**TASK DIRECTIONS**
Write out the entries below exactly, but only from the line containing "33.37 Carats Top" through the line containing "Shape - Oval Cut Stone", and without the pictures.

**THE DATA**
------------------------------------------------------------------------

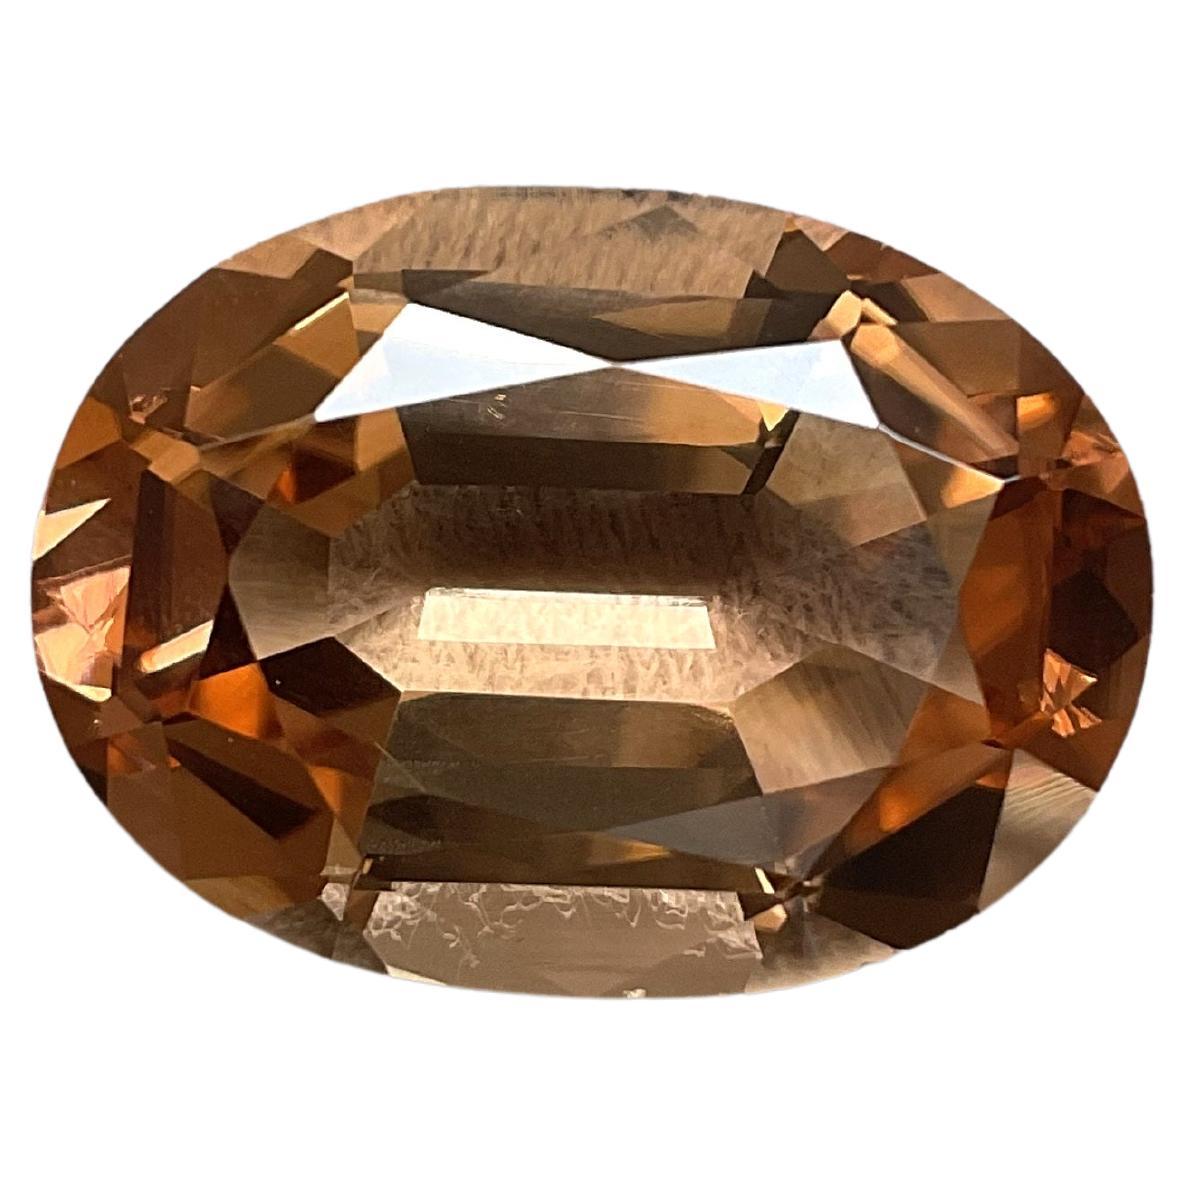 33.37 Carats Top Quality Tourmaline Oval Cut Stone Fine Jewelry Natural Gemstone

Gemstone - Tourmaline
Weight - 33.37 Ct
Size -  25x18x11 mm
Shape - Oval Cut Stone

------------------------------------------------------------------------

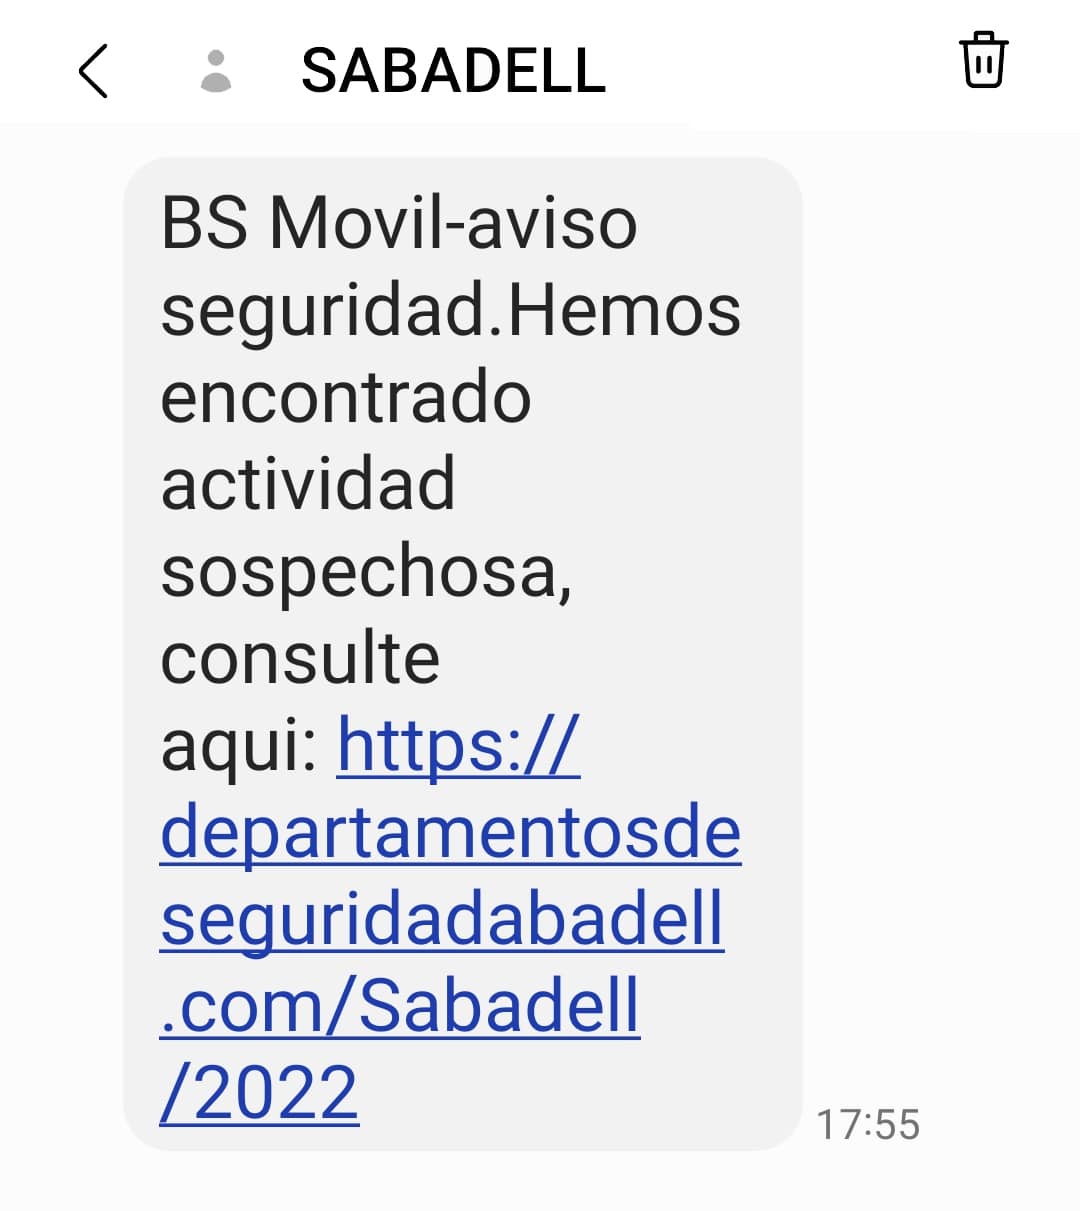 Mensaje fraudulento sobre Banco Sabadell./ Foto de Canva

------------------------------------------------------------------------

**TASK OUTPUT**
 33.37 Carats Top Quality Tourmaline Oval Cut Stone Fine Jewelry Natural Gemstone

Gemstone - Tourmaline
Weight - 33.37 Ct
Size -  25x18x11 mm
Shape - Oval Cut Stone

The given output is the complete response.